If more proof was needed that advertisers, even major ones, just don’t get this webbernet thing, I give you yet another YouTube contest that I stumbled upon this morning while looking for a commercial I was going to post about. From P&G, one of the most respected and innovative marketers around comes this gem:
First of all, user-generated contests are dead. They worked when they had novelty, when it was possible to get that fifteen minutes of fame through something like this. They also worked as long as the stakes could be raised, like having the winner’s creation shown during the Super Bowl.
Without either novelty or a breakthrough prize, and considering that everyone else is doing it (including competitor Schick, whose contest Circle One sent up on AdPulp), this tactic is both unoriginal and lazy.
Further, I would be willing to bet, it is completely ineffective. It is ineffective because the internet is a vast sea of content, none of which I have to see if I don’t want to.

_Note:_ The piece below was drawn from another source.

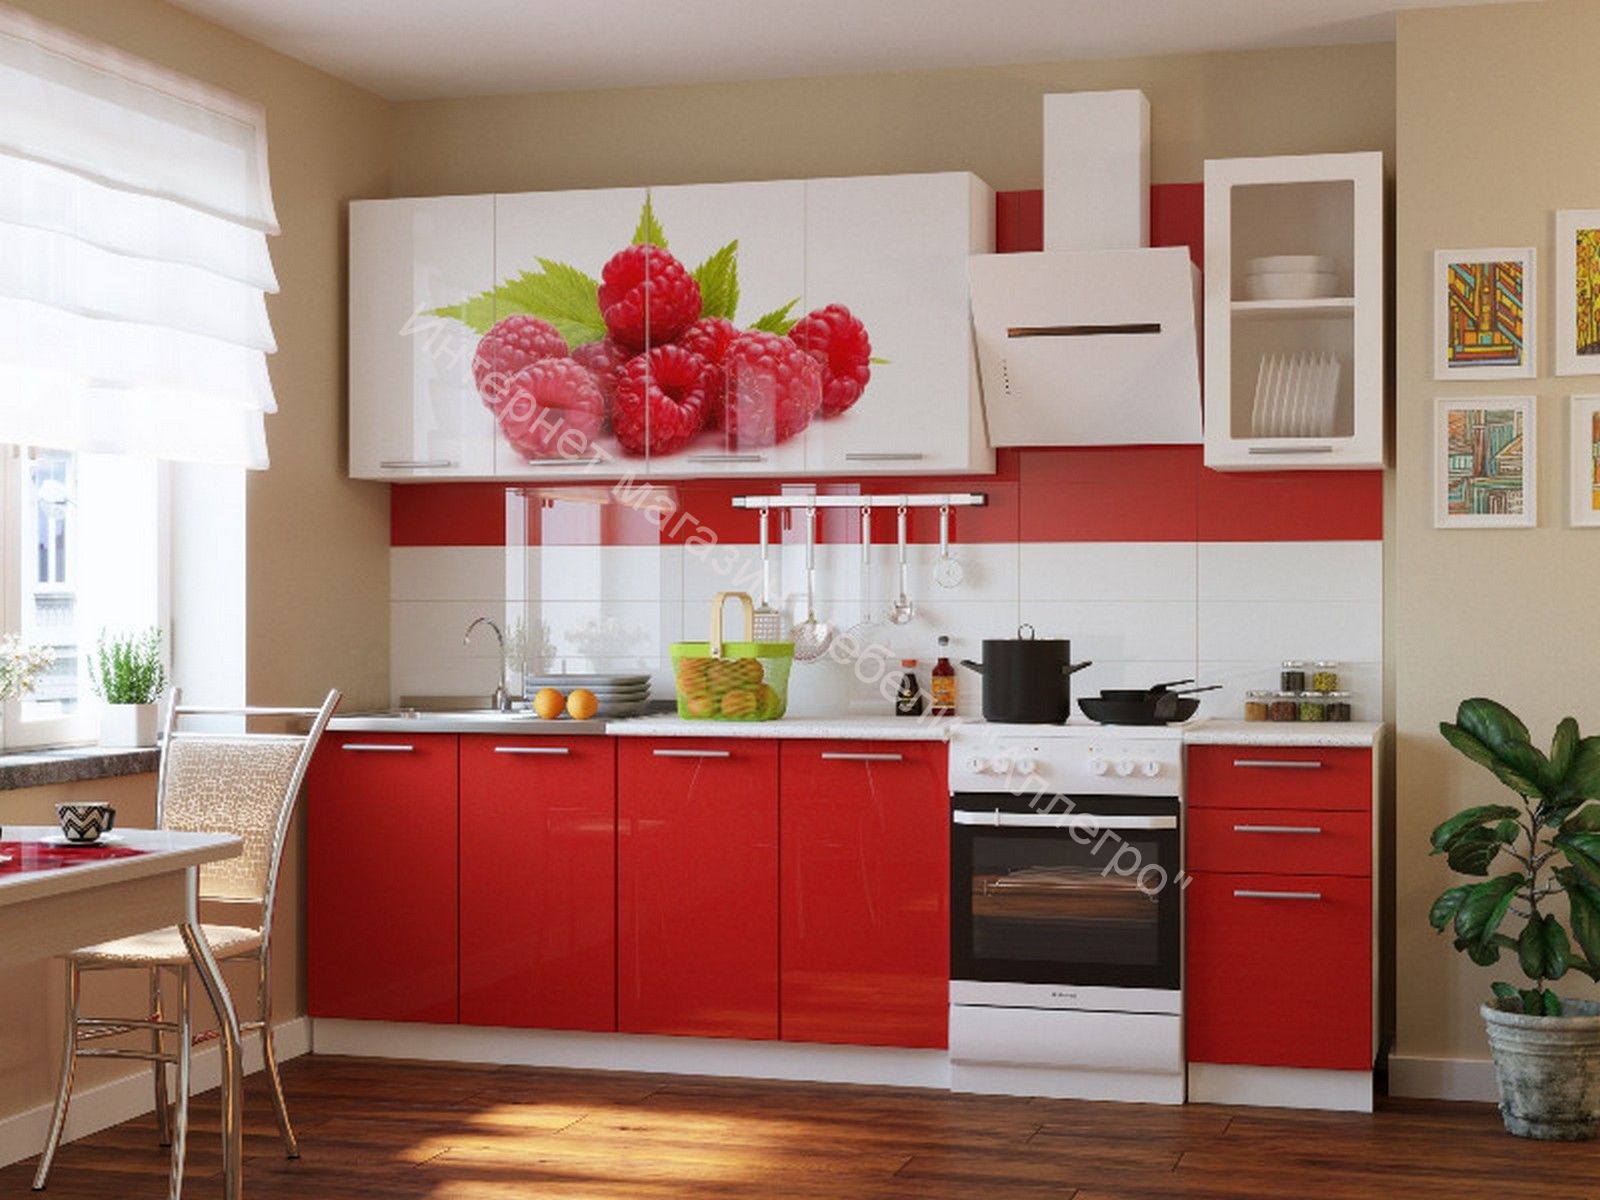 Купить кухонный комплект. Кухня "красные маки" 1,6м. Кухня в Красном цвете. Красивый кухонный гарнитур.

By that I mean to draw a clear distinction between the online space and, say, television. Television is still the best way to broadly reach an audience because, while I am watching, I am captive and brands can push their messages out to me. This is not the case online.
Tangerine Toad has a great post on “Clicking Through The Internet” which is, as he describes it, “the name I give to the phenomenon whereby normally intelligent people at both digital and traditional agencies decide that people will find their cool new flash microsite without any sort of external driver. It’s as if the internet were a giant cable TV line-up or magazine and the consumer will be clicking through it, land on the microsite and magically become entranced.”

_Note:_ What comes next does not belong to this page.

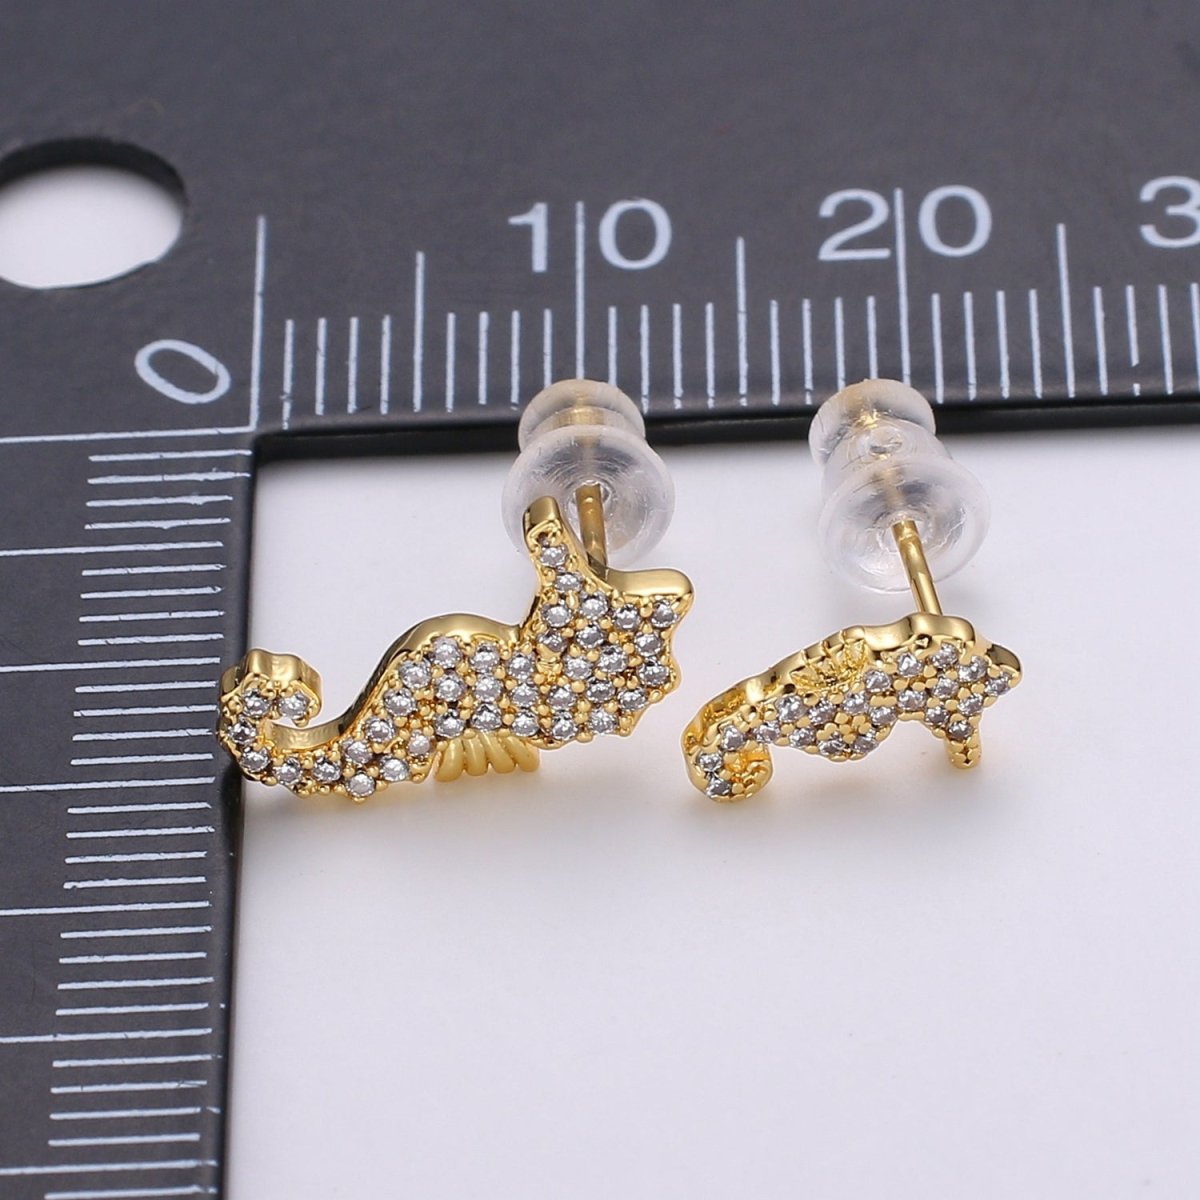 Mismatched Stud Earring Dainty Sea Horse Stud Earring, Gold Sea Horse Earring, Micro Pave Earrings Animal Studs Minimalist Stud Earrings Q-371 - DLUXCA

The content online is, for all intents and purposes, infinite. There is no line-up, no captive audience and only the slimmest chance that someone will stumble upon your site or contest or brand without an external driver.
And even if a person were to stumble upon your online marketing tactic by accident, they are just as likely to blog about what a bad idea it is as they are to react to it.
Memo to Gillette: You need to read Tangerine Toad to get a handle on this new internet age. You also may want to get an agency that doesn’t pitch you re-tread, hacky ideas.